To train the classifier, we introduced the positive group (class 1). Since the negative group (class 0) was composed mainly by articles with geolocation and territory-based properties, we considered that they were not representative enough of the entire group. Hence, we decided not to use them as the negative group for training the classifier (class 0). Instead, we employed a negative sampling process (Dyer, 2014), in which all the articles not in class 1 were retrieved and introduced 5 times as class 0, even though they included unqualified articles, articles qualified as potentially CCC, articles qualified as potentially non-CCC and articles qualified as a reliably non-CCC. In other words, the classifier was trained to distinguish positive articles from random articles.

get_ccc_testing_data()

Finally, the classifier was fed with the fitting data which needed to be categorized as class 1 or class 0. The data introduced were all the potentially CCC articles.
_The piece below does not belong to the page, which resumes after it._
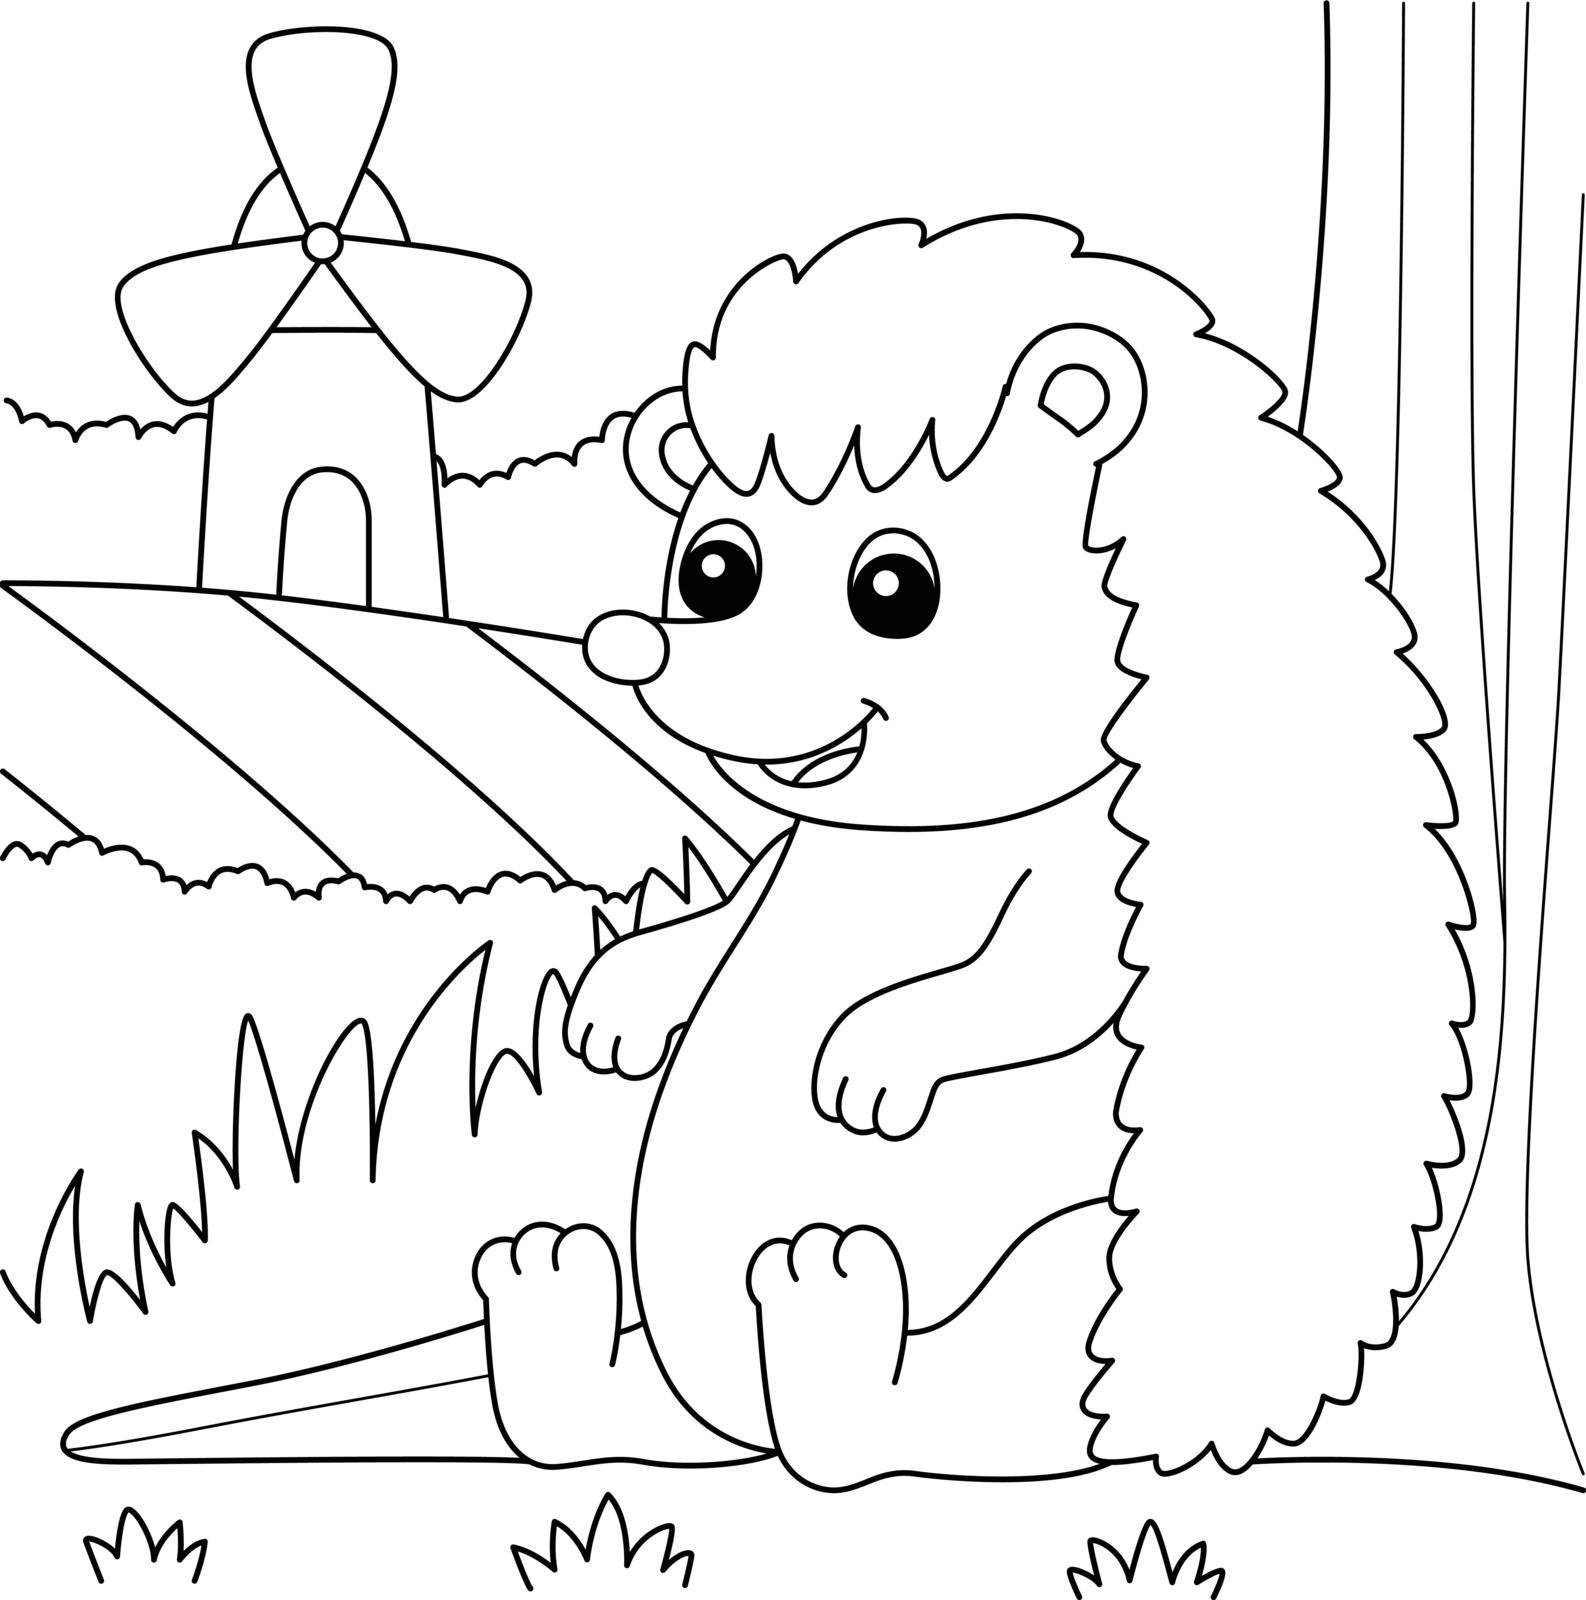 A cute and funny coloring page of a hedgehog farm animal. Provides hours of coloring fun for children. To color, this page is very easy. Suitable for little kids and toddlers.

We used a machine learning classifier based on a multiple path algorithm in order to calculate the weight of each feature to determine whether an article belongs to class 1 or 0. The accuracy provided estimated by the classifier is in the order of 0.999, and some features like the percentage of outlinks to CCC, percentage of outlinks to other CCC, and category crawling level emerged as particularly relevant.

evaluate_content_selection_manual_assessment (languagecode, selected, page_titles_page_ids) (Manual Assessment)

This function can be used for two purposes:

When “selected” is None, it retrieves a list of 100 randomized articles, 50 belonging to CCC and 500 not belonging to CCC.

When “selected” is passed in the parameters (a list of 100 articles), it uses urljoin and webbrowser Python modules to show you the 100 Wikipedia articles (or a translation using Google Translate), one by one, and asks in the Terminal to label them as ‘correct’ or ‘wrong’.

Once verified the 100 articles, the function prints the number and percentage of false positives and false negatives. We may want to compute the F1 score and the Kappa coefficient.

stats_generation.py (Metrics Computation)[edit]

create_intersections_db()

It creates the database and tables where we store the intersections between gaps and groups. It creates tables necessary for the selection, the extent, and other metrics.

For more information on the available ‘selection’ metrics (intersections):

https://github.com/marcmiquel/WDO/blob/wcdo/docs/sets_intersections.xlsx

generate_X_intersections() functions

These functions compute the intersections between gaps and groups (this is the “Selection Metric”). For example, the intersection between “women” in “gender” accounts for the number of articles in biographies having a gender that are of women.

There are functions aimed at CCC, gender, geography, among others.

The intersections are listed in this spreadsheet along with the question they answer:

https://github.com/marcmiquel/WDO/blob/wcdo/docs/sets_intersections.xlsx

The functions compute the intersections as the accumulated articles on each month of a Wikipedia language edition history (“accumulated monthly”) and for the created articles (“monthly created”).

Visualizations[edit]

As an example of a visualization, we show the dashboard for gender gap including ‘stacked bars’. This employs Plotly library in order to create a graph with the percentages and number of articles for men and women.

The code shows a simple process that starts by pulling the data from the stats.db (SQLite3). Then it keeps it in a pandas dataframe, which is ultimately used to feed the Plotly chart (stacked bars).